Root Issues in the Context of DID

Loneliness, self-hatred, self-contempt, self-abandonment, self-betrayal….

Healing and integration of multiple alternate personalities has been complete in me for about a year and I have been establishing a foundation for the new, integrated personality I am enjoying. While I am stronger, yet there are times when I struggle with uncertainty about who I am. Not as a multiple but simply as a person. I second guess myself and have difficulty in making decisions. After making the decision I still feel uncertain about what I decided. If I made what appeared to be a wrong choice I would be so overwhelmed with shame and disappointment in myself that my focus on my Beloved Lord was interrupted for days.

By chance (Is there such a thing?) I came upon information about inner vows and bitter root judgments that turned a light on for me. For some reason I associated inner vows and bitter root judgments with how I saw other people but didn’t apply that criticism to myself. So I was castigating myself bitterly. That was long ago but I had never renounced those inner vows so they were still at work.

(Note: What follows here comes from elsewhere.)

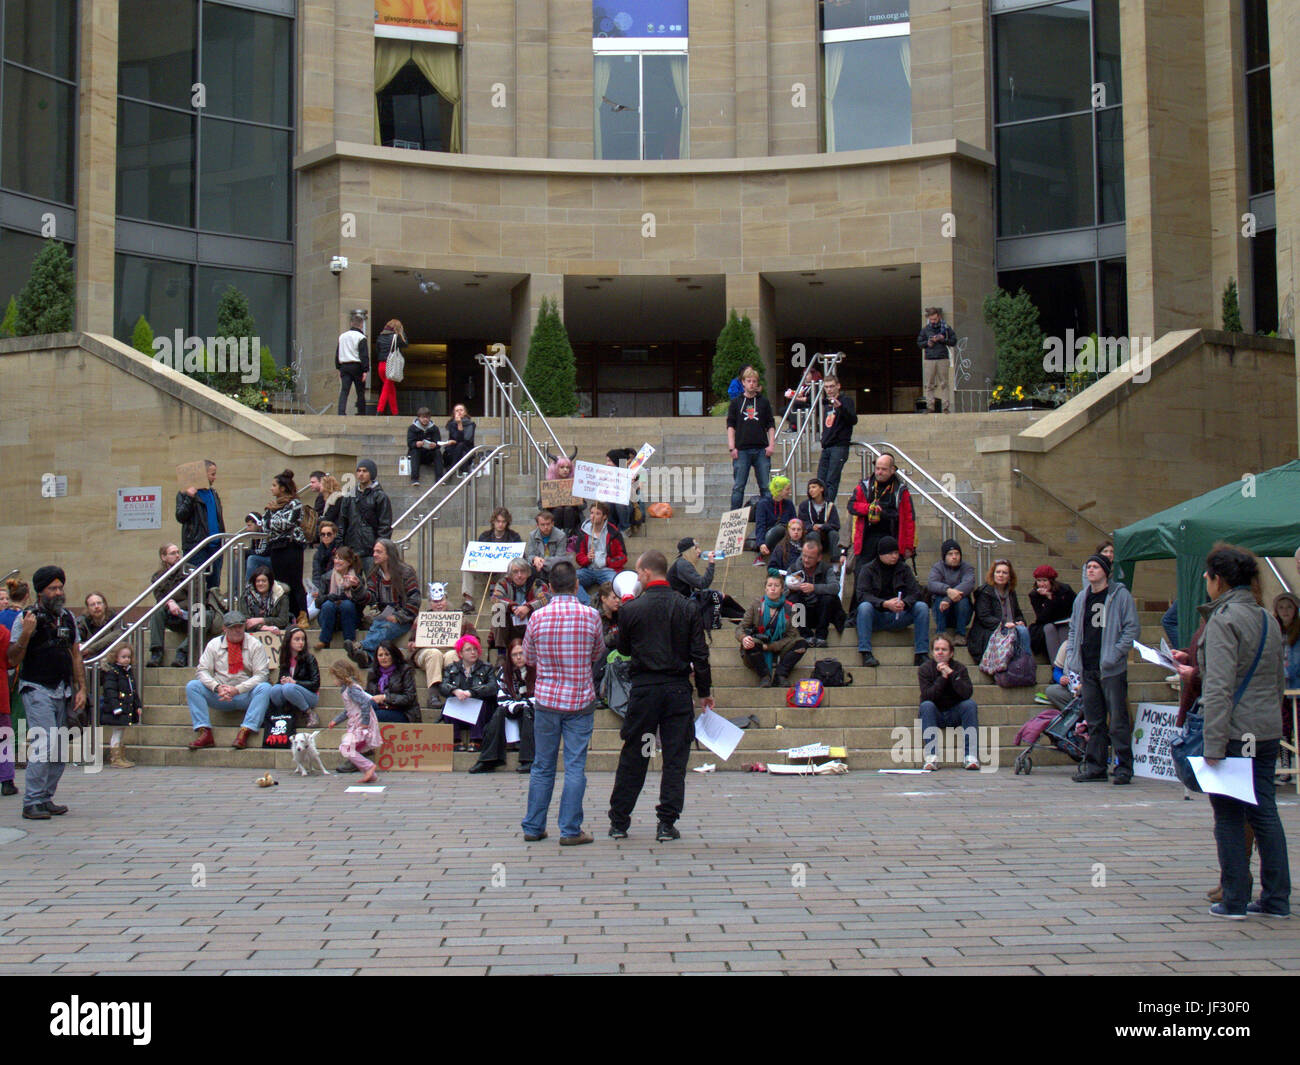 La genética ecológica protesta contra Monsanto en los escalones de la Royal Concert Hall de Glasgow Foto de stock
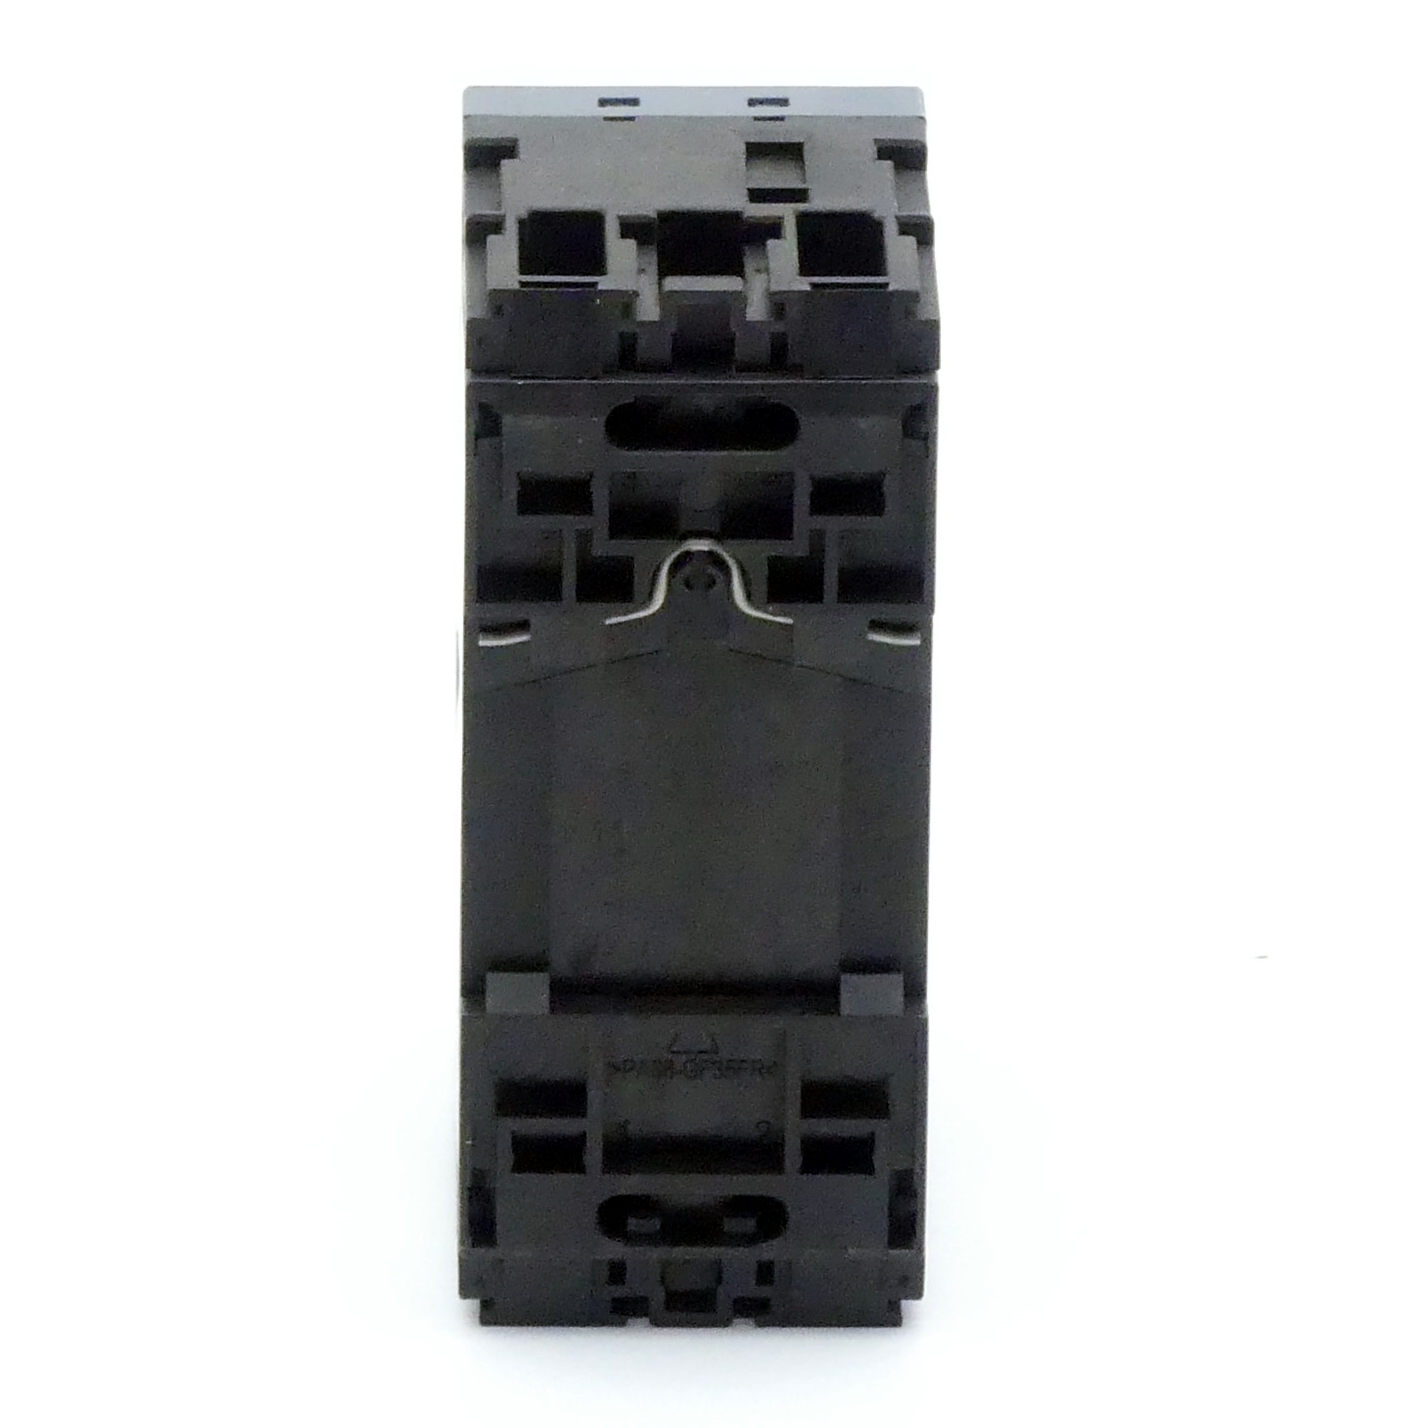 Circuit breaker 3RV2011-1GA20

Over-the-top anger, guilt, anxiety can be a warning flag. Responses that are too strong for a given situation are indications that inner vows may be at work.

I can remember confiding in my grandmother something that I asked her not to share. But she promptly announced my secret to the rest of the family and I was chagrined. I promised myself that I wouldn’t share secrets with anyone ever again. I kept the vow but experienced the loneliness of alienation.

To break those vows is easy enough. Simply confess your self-hatred to Jesus and repent for regarding yourself as less than worthy. Jesus died not only for all people, He died just for you. And His precious Blood reaches deeper than the stain of sin has gone. Break the cords that bind you to the vows and ask Jesus to set you free and cauterize the ends so they don’t bleed out.

I was surprised at the new freedom I gained in relationship with my sweet Holy Spirit – a new confidence in Him, a more intense focus on His love and acceptance of me. He was there all the time but I couldn’t receive His love because of my attitude of self-condemnation.

Romans 8:1-2 Bible (AMP) Therefore there is now no condemnation [no guilty verdict, no punishment] for those who are in Christ Jesus [who believe in Him as personal Lord and Savior]. 2 For the law of the Spirit of life [which is] in Christ Jesus [the law of our new being] has set you free from the law of sin and of death.